GDC!

http://w.soundcloud.com/player/?url=http%3A%2F%2Fapi.soundcloud.com%2Ftracks%2F38943503&show_artwork=true

I know, I know, it’s been a while since I’ve posted, but I’ve been working! I promise! Well, I’ve been playing too, and learning, but finally some work.

I’m posting from a Starbucks next to the Moscone Center in San Francisco, both my first trip to GDC and to the city itself. The conference was unbelievable; the sheer amount to talent from all over the world contributing to the event is staggering as well as inspiring. I’ve learned and realized so much in the last few sleep deprived hours I’m struggling to keep it all in my head, so I’m gonna take some time to reflect on it. (Hence the Starbucks Android post)

First and perhaps most importantly, I learned that I simply don’t have enough content to enter this industry right now, and it certainly doesn’t help that I’m not exactly sure of what field I want to enter. One of the biggest points that was hammered in at the career seminars was the emphasis on actually making games. The advent of cheap / free development kits and software is a blessing and a curse: on one hand it allows everyone to start making games from nothing, and even perhaps make a business out of it. The downside is that with the ease of availability it’s essentially a requirement to spend a lot of time working on games without getting paid. This definitely sounds like a petty complaint, and it partly is, but its incredible how much work it takes to get into a relatively low paying job in the first place.

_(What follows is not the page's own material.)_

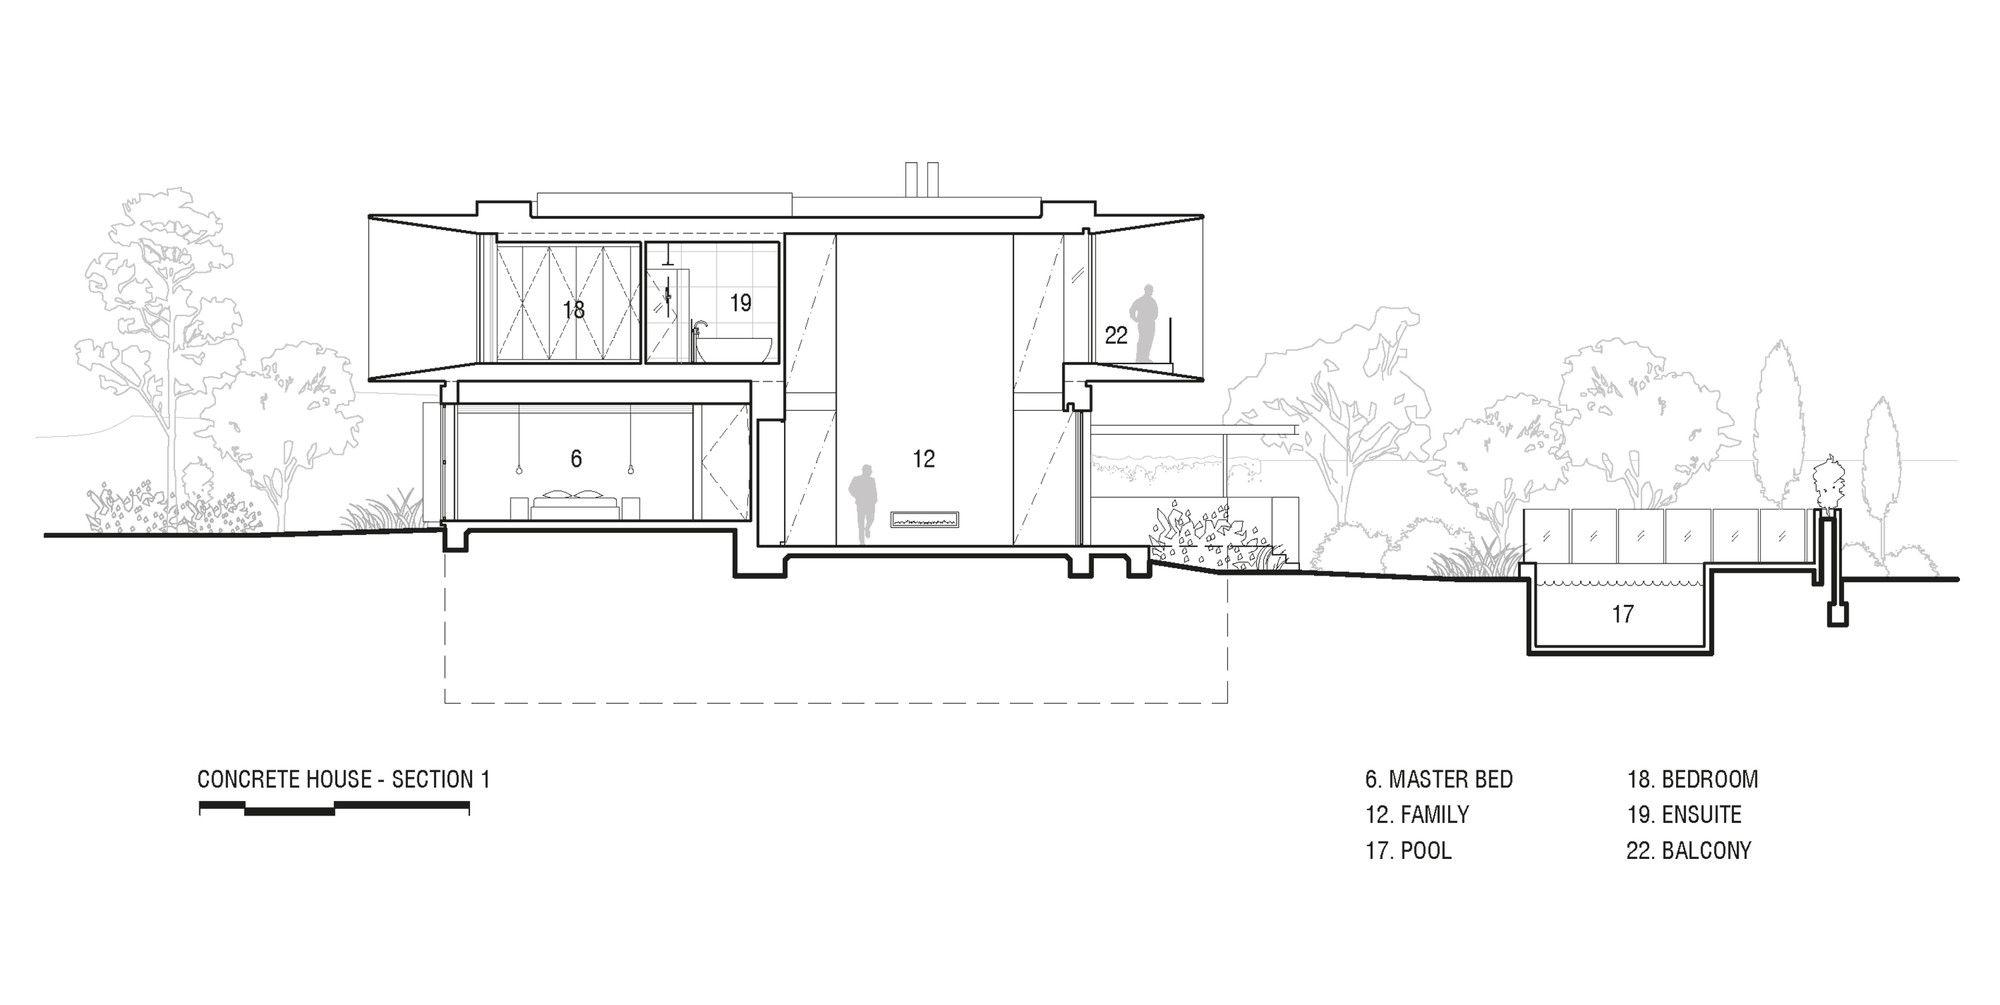 Gallery Of Concrete House Matt Gibson Architecture 24 Concrete House Architecture Concrete Houses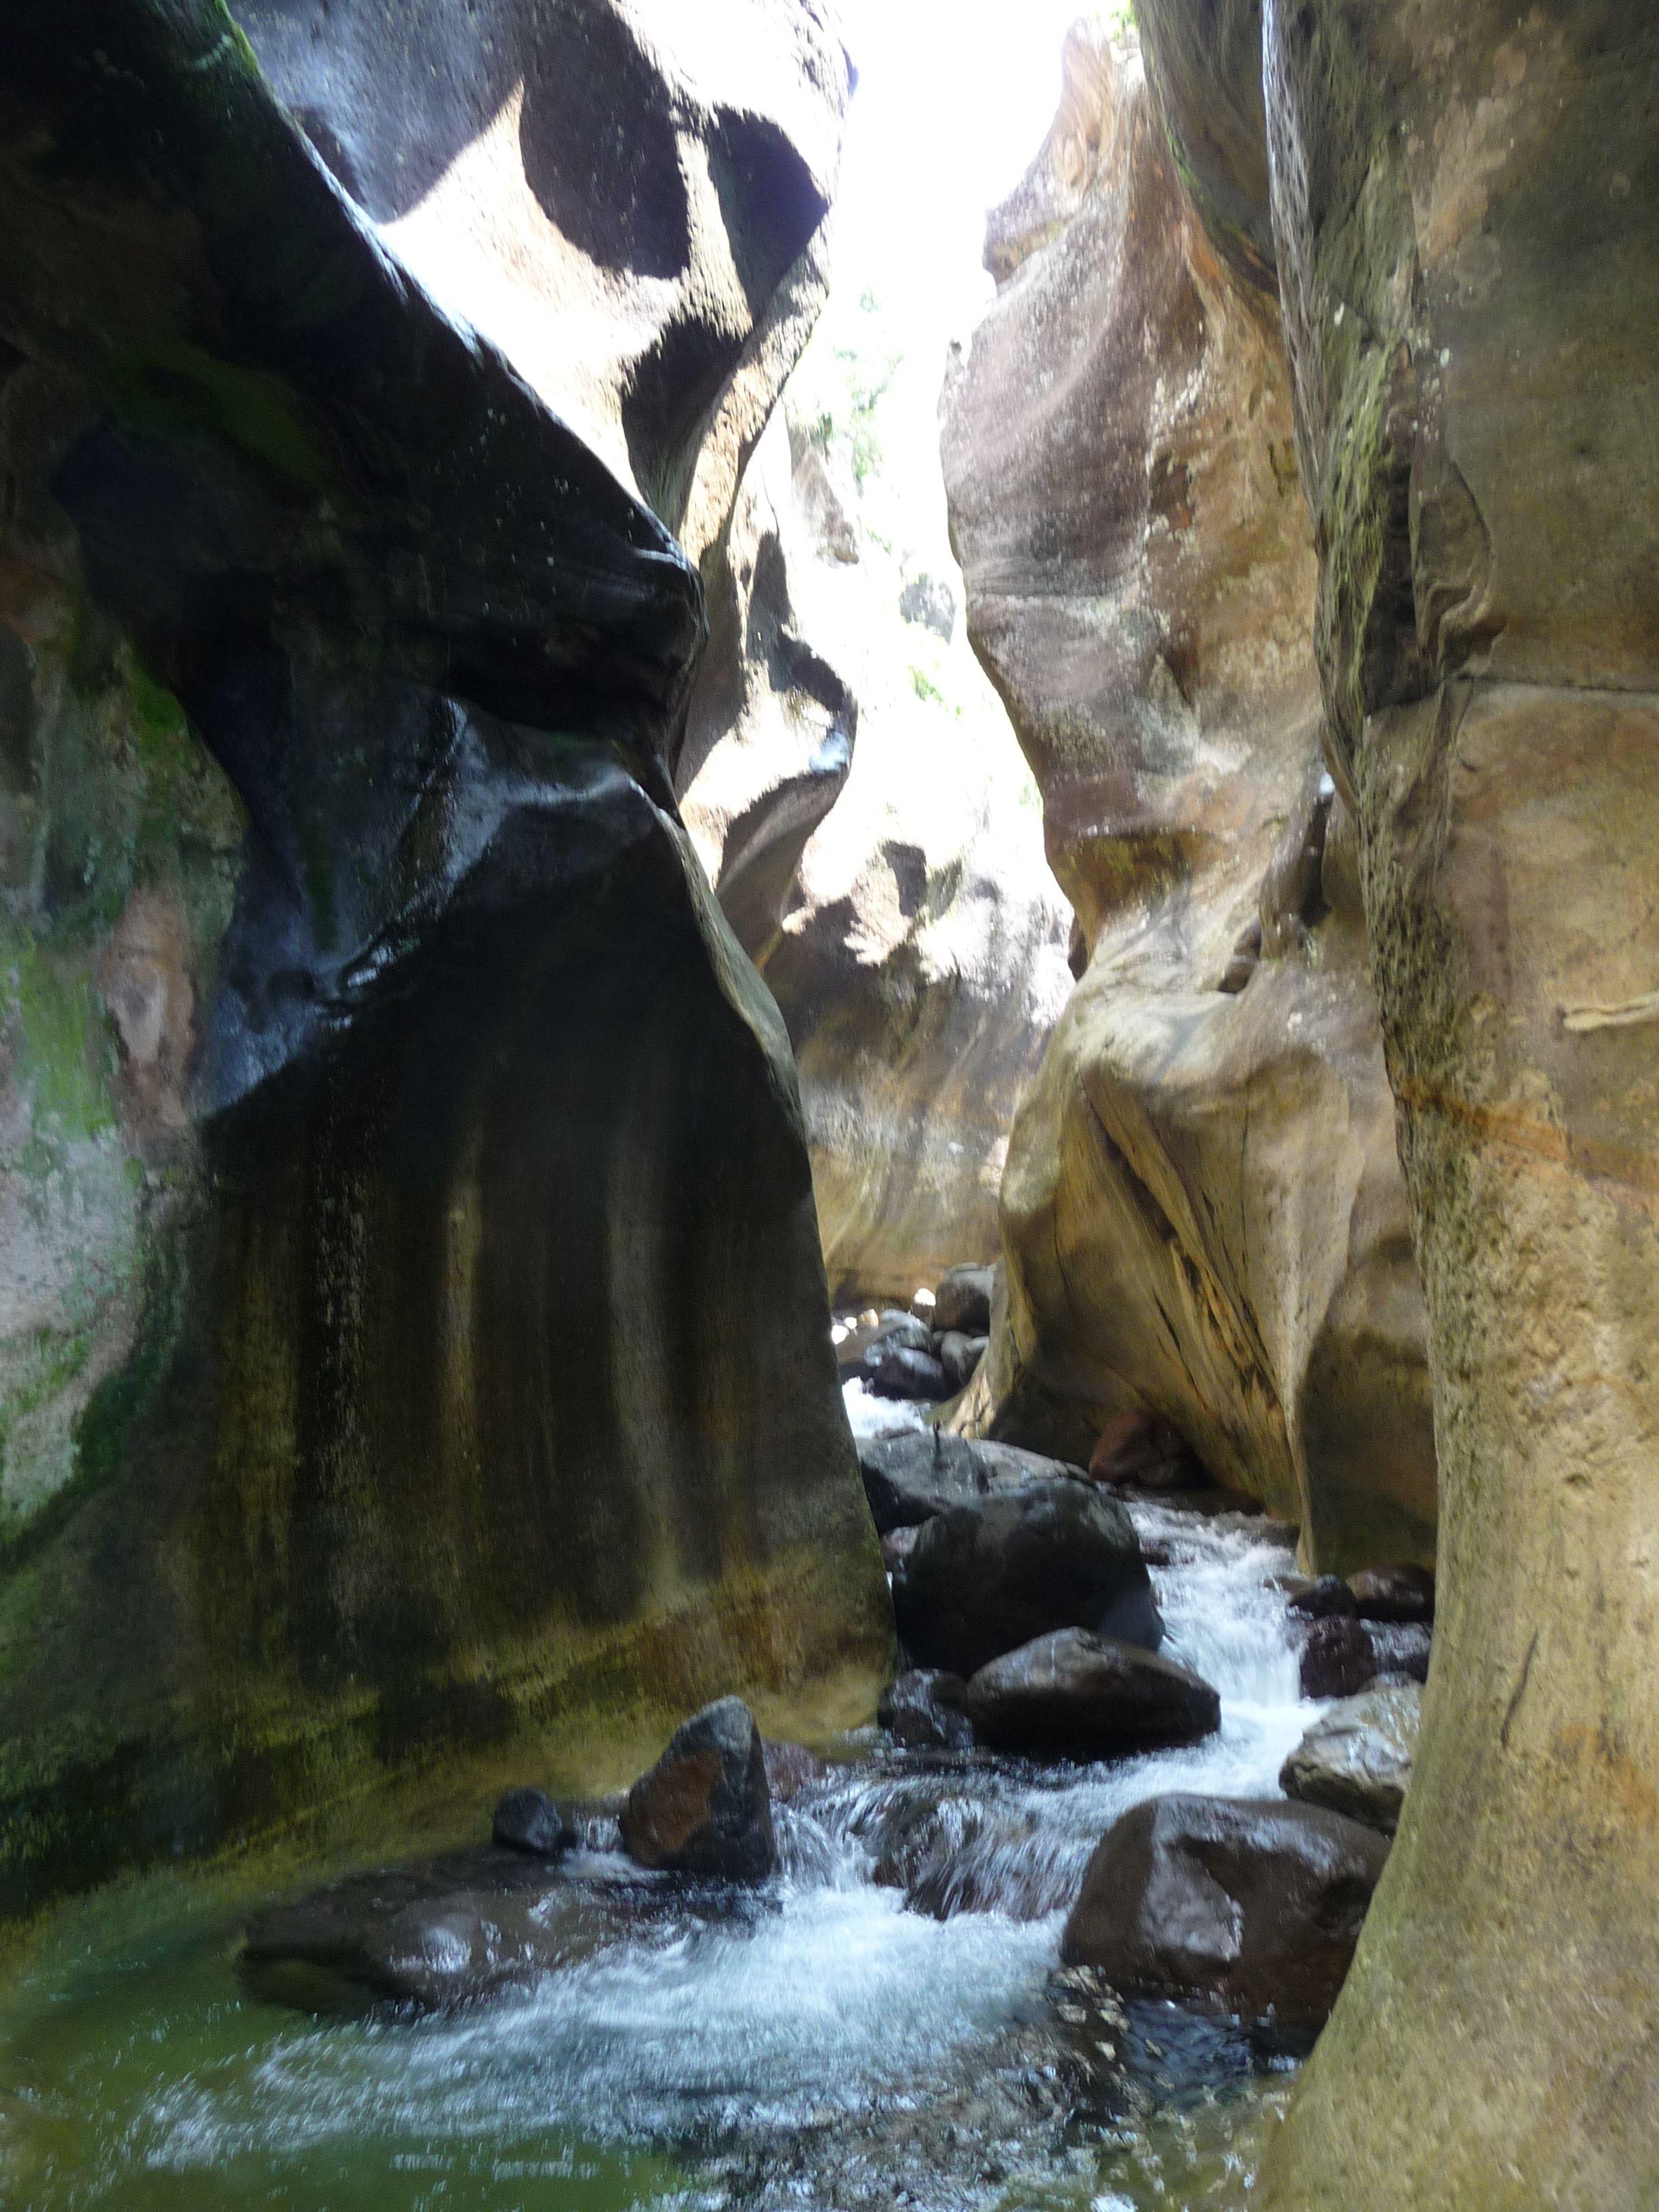 Tugela Gorge, Royal Natal. http://www.n3gateway.com/the-n3-gateway-route/ezemvelo-kzn-wildlife-royal-natal-national-park.htm

I’ve thought about the career of game audio as well. The field is surprisingly difficult to get into – the seminars brought up the point that even on large productions only a handful of employees are on the sound team, and for most small studios they only have one. This is further convoluted by the practice of outsourcing the audio of games to outside companies, and even more so by the developer publisher relationship. I see three possible solutions, other then applying to the super rare openings and praying: One, find a small startup studio with a pitchable project and start the ride- hope they do things right and use the material to bolster your resume. Two, try to find a position at a studio that accepts that outsourced work (an audio house) or three, find someone who is willing to be your mentor and hone your skills to the point where you can accept lead positions.

I’ll continue my thoughts later as I’m heading out to more fun now, so I’ll leave you all with some fun new tracks I’ve been working on. Peace!

Project 2 – Evolving Themes

As promised, here is the continuation of my ongoing projects for my music composition class. This one I finally had access to midi tracks, ie Kontakt 4. Being fairly familiar with Kontakt and it’s library I took the opportunity to work on my virtual orchestra skills. I cheated a little and recorded live guitar for the b section, but other then that, this is the product of a single instance of contact with only 10 preset patches open. A lot of people rag on the Kontakt 4 orchestral library but for what you pay I find it a very solid tool. I’m not entirely satisfied with my humanization of the midi, but after my 6th hour of work I decided to kick it out the door and into class.

My professor, Dan Pavelin wrote this to me:

“Good!  Your main theme uses the tympani rumble with cymbal swell trick effectively — what would film scores do without it.
Variation #1 is lovely — good soloing!  I would just recommend with this style never using chromatic passing tones — all diatonic, to bring out the Latin feel.    In Variation #2, towards the end, seems like you need to bring in bass strings sustaining along with the rest to have a bottom end — the bass pizz can’t do it, because it’s too erratic — maybe you didn’t want the heaviness that that would introduce, but if left low in volume, it won’t be that heavy — it will just seem more conclusive and more of an ending to the cue.
These are very minor things — you are obviously well-versed in musical knowledge yourself and know your way around electronic music-making.  Excellent project, as always!”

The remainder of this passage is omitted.